He blinked. “They did, huh? Figures. Who did it?”
“Is Caleb okay?”
“This is all off the record, Donna. You’ll understand when I tell you. Okay?”
“Sure.”
“He’s fine. The bullet grazed him. Who did it?”
“Maybe one of the antichrist gang. A black-hooded man was seen walking toward the upper seats a few minutes before the boy fell. They sure had the motivation. Everyone’s saying that he was shot and that you took advantage of the confusion to steal him away. Nikolous is climbing the walls. You’ve got to come out, Jason. It’s not looking good.”
“It was Crandal.” He paused and she didn’t object. “I know it sounds crazy, but I think we can put our hands on some solid evidence that might tell us who Crandal really is.”

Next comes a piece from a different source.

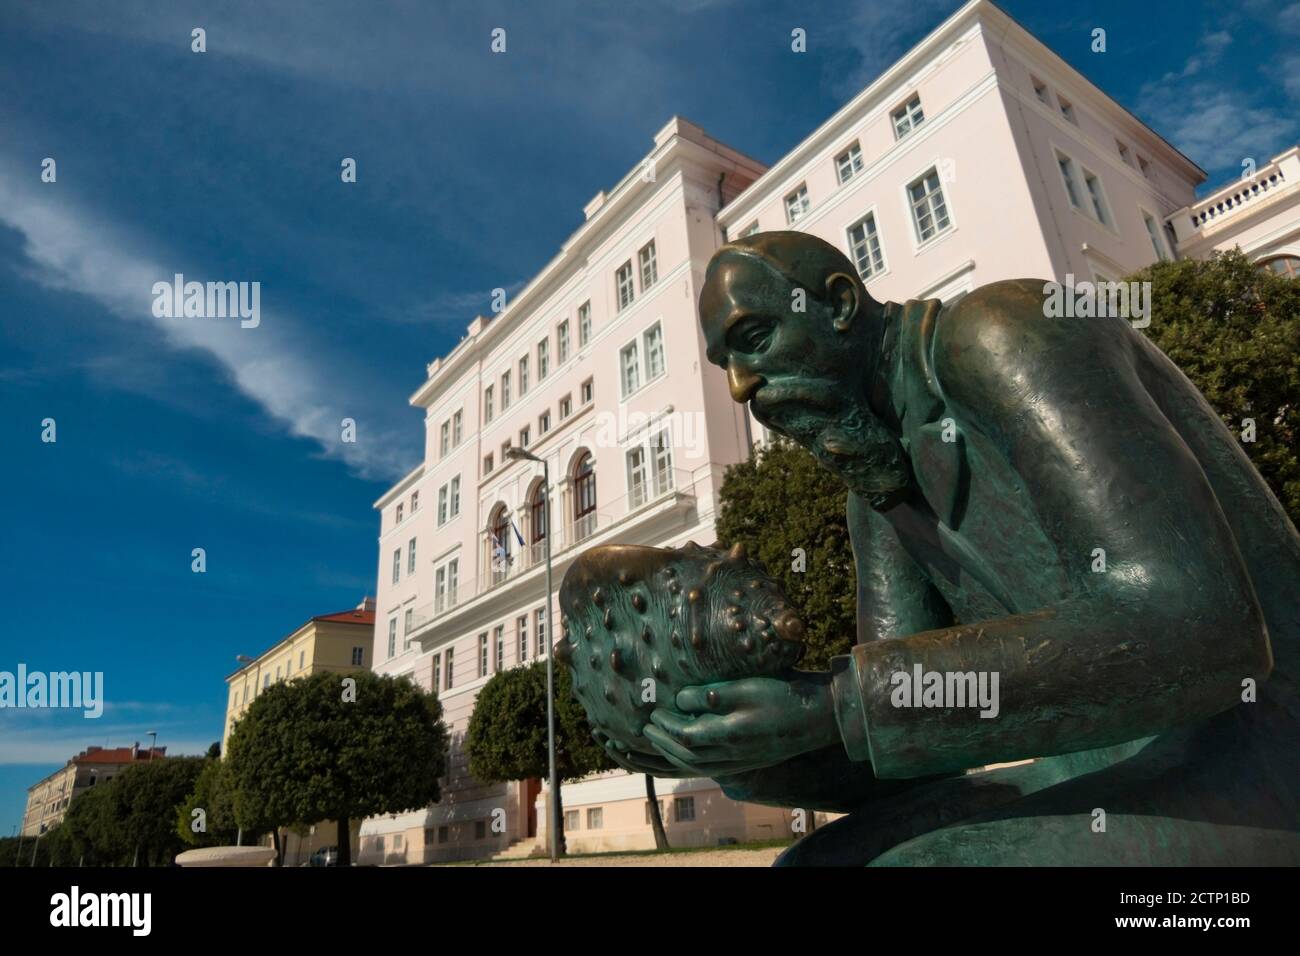 Ingresso al Rettorato dell'Università di Zara, Croazia. Monumento di Spiridon Brusina, malacologo croato. Statua dello scultore Ratko Petric. Foto Stock
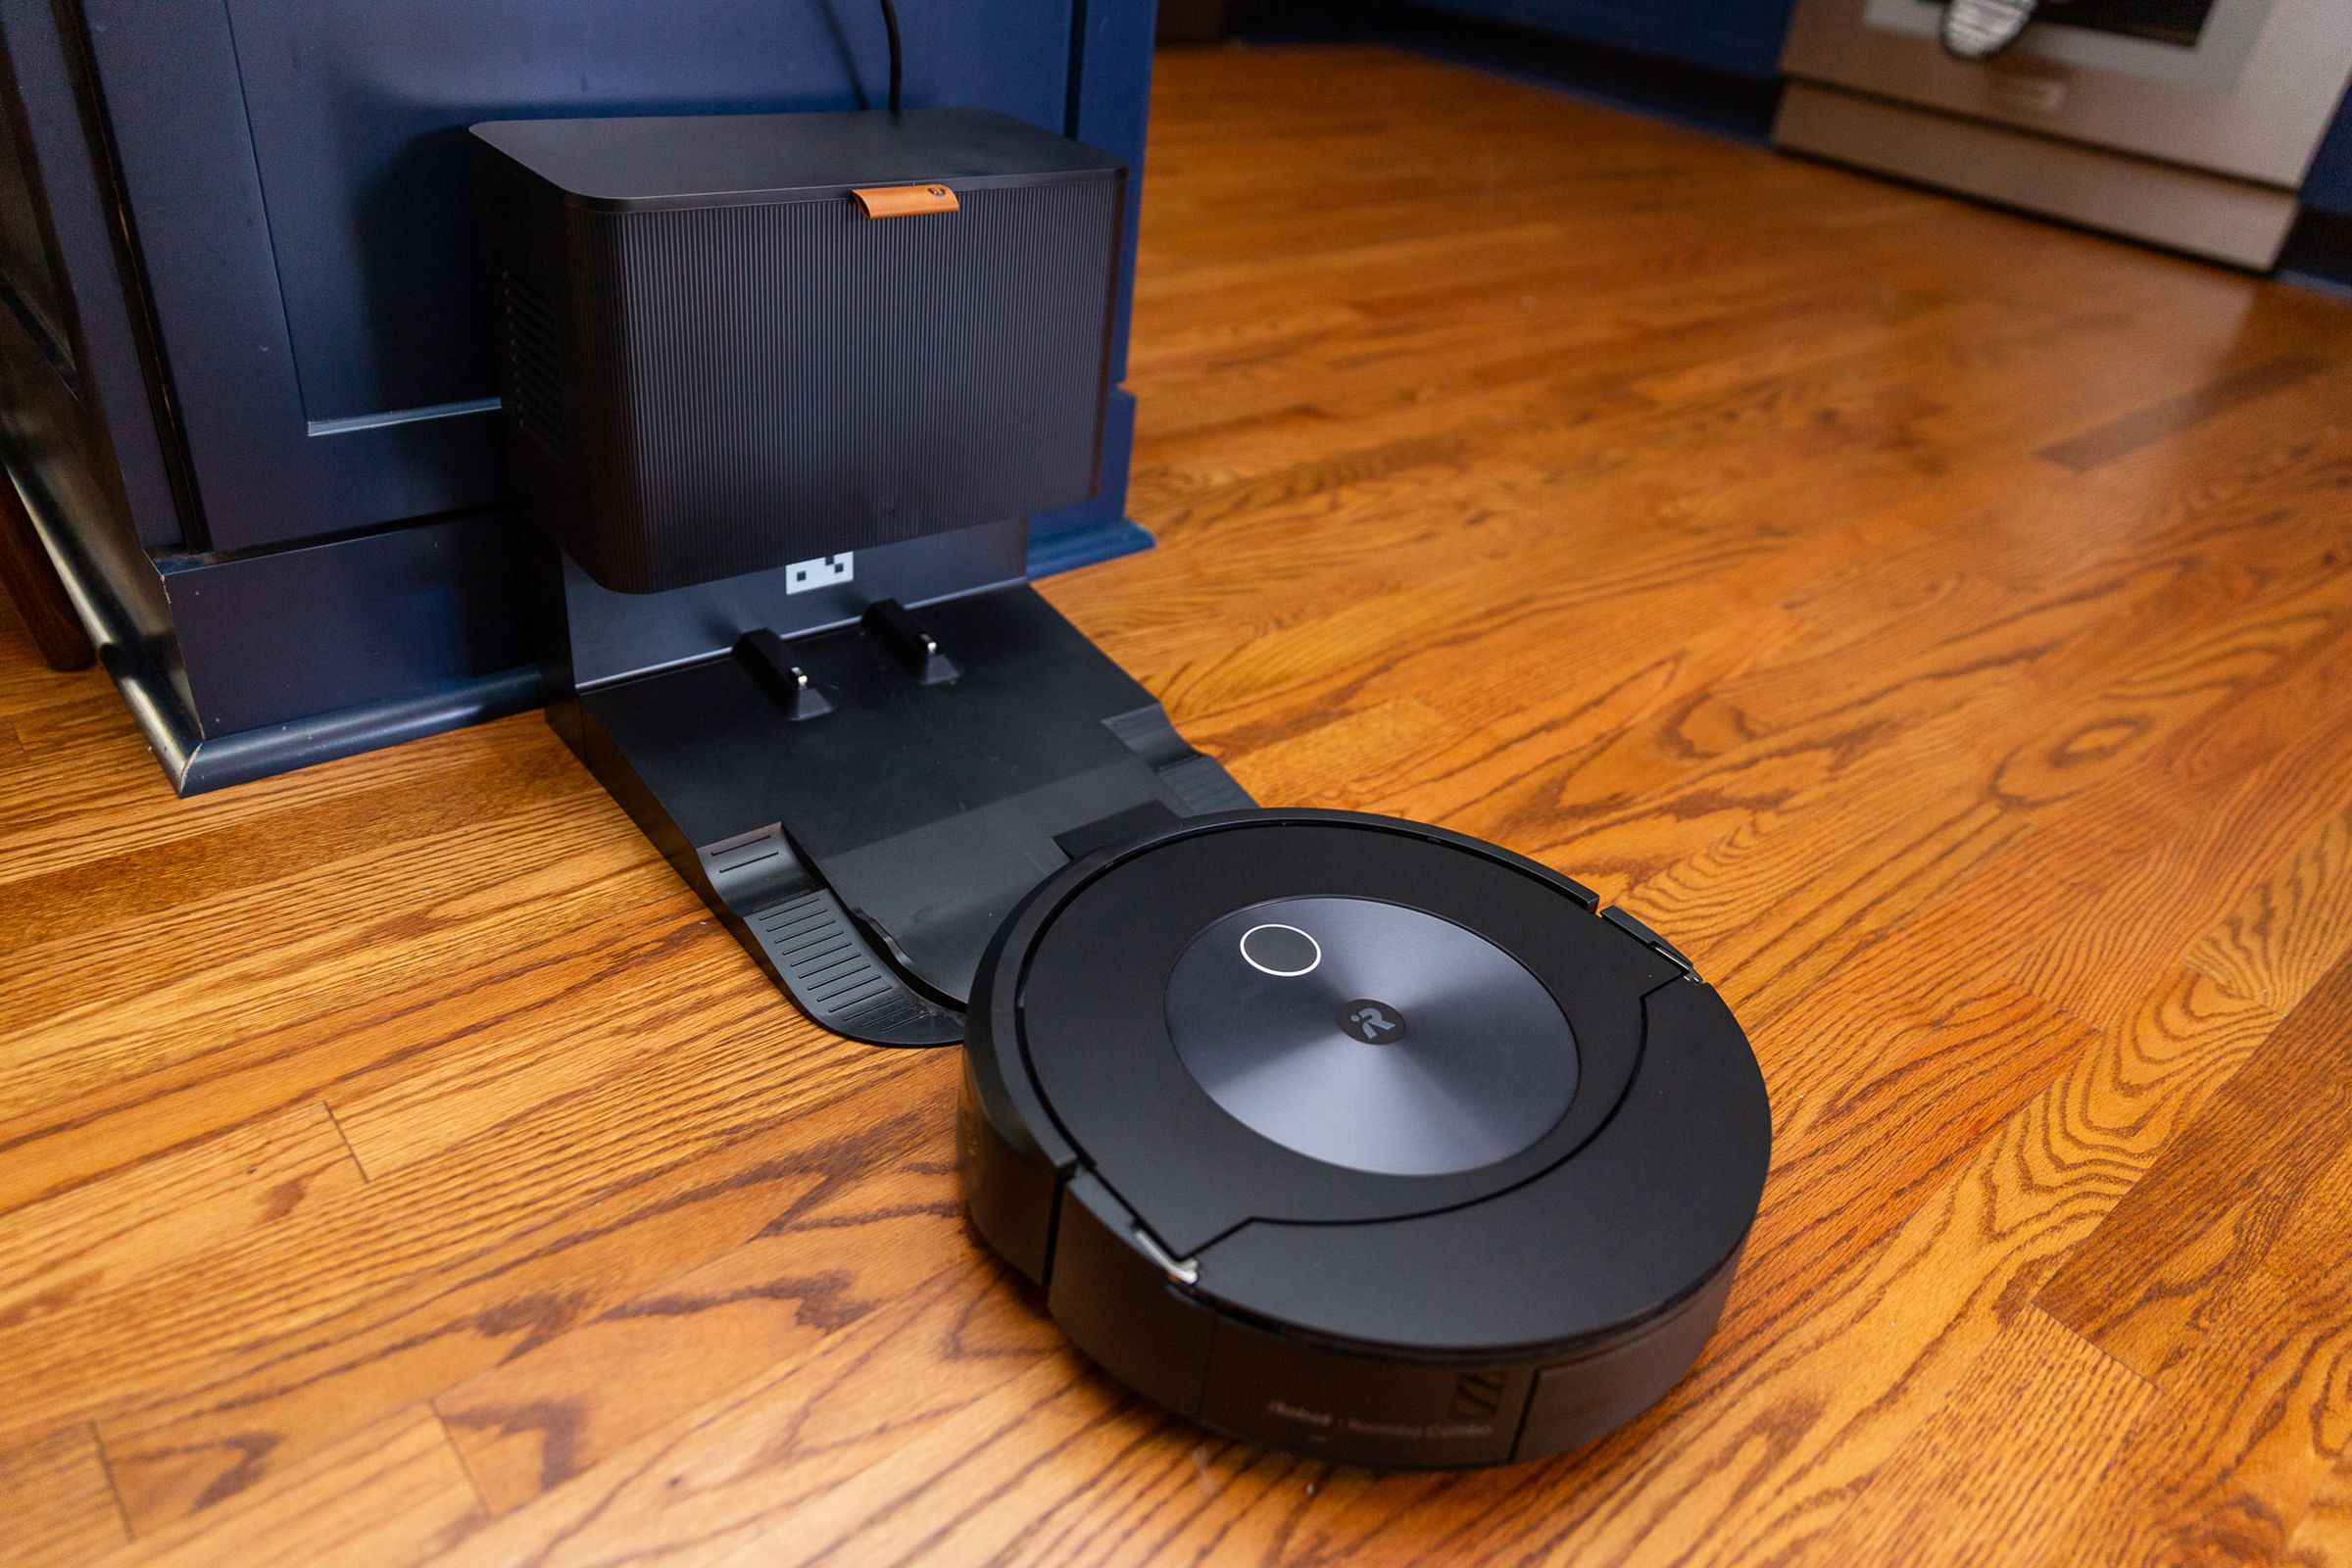 Foto del Roomba Combo J7 acercándose a su base vacía de forma automática.  La base es del tamaño de un pequeño bote de basura de cocina.

“Please. Crandal may have a problem with a boy who walks around telling the world that he’s a bad guy, but that doesn’t make him a killer.”
“It’s more than that. He’s . . .” How do you tell someone like Donna that the man about to become the president of the United States is really a monster in waiting? “He’s not what he seems. Something happened back in Ethiopia, something that would destroy him, and he’s bent on keeping it out of the news. Even if it means killing Caleb.”

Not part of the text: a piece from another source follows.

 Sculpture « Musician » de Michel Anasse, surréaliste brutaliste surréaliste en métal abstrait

“Did what in Ethiopia? You can’t just throw out accusations like that. Right now it’s you who has some explaining to do, not Crandal.”
“You know it’s not beyond him. Tell me you at least suspect that much.”

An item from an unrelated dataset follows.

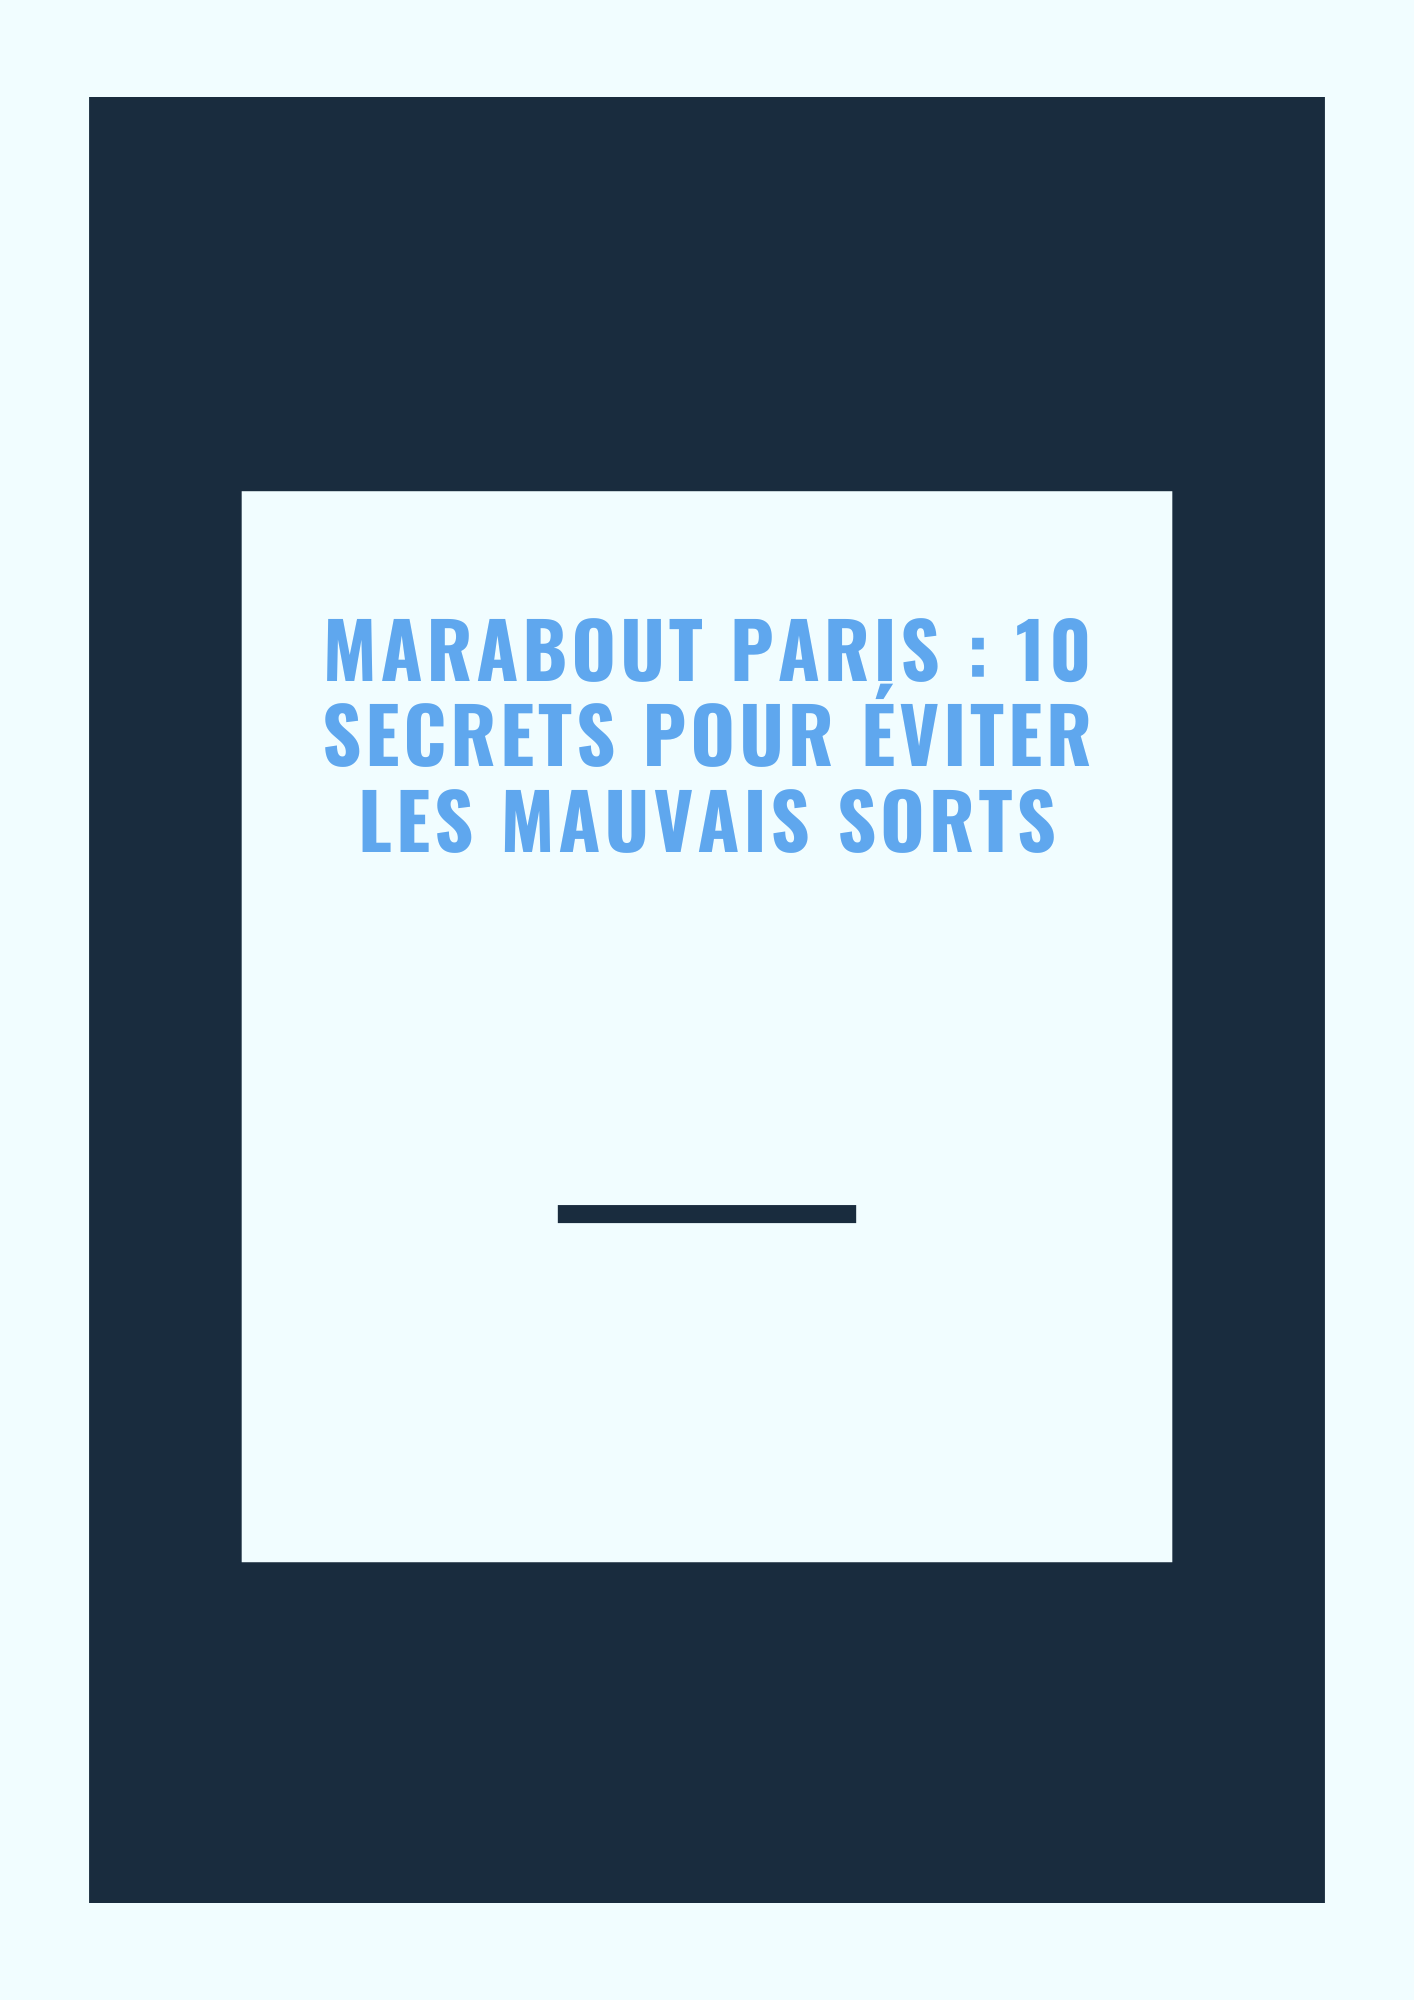 Marabout Paris  10 secrets pour éviter les mauvais sorts

She paused, thinking. “Maybe.”
“So if I could produce some evidence that showed motivation for his threat to Caleb, you would be willing to play along?”
“Depends on what I’m playing along with.”
“I want to go public. I want a worldwide exclusive with as much coverage as you can manage. I mean I want every person within reach of a television to be tuned in. I’ll bring Caleb out with Leiah. And I want you to guarantee me ten minutes in front of the cameras without obstruction. The cops can haul me off and lock me up when I’ve said what I need to say.”
“I can probably arrange that.” An edge had come to her voice.
“And I want Crandal there.”
“What!? Come on. Now you’re going over the top.”
“Am I?”
“Even if I agreed, how do you propose I get him here? He’s in D.C. now. When would you want this?”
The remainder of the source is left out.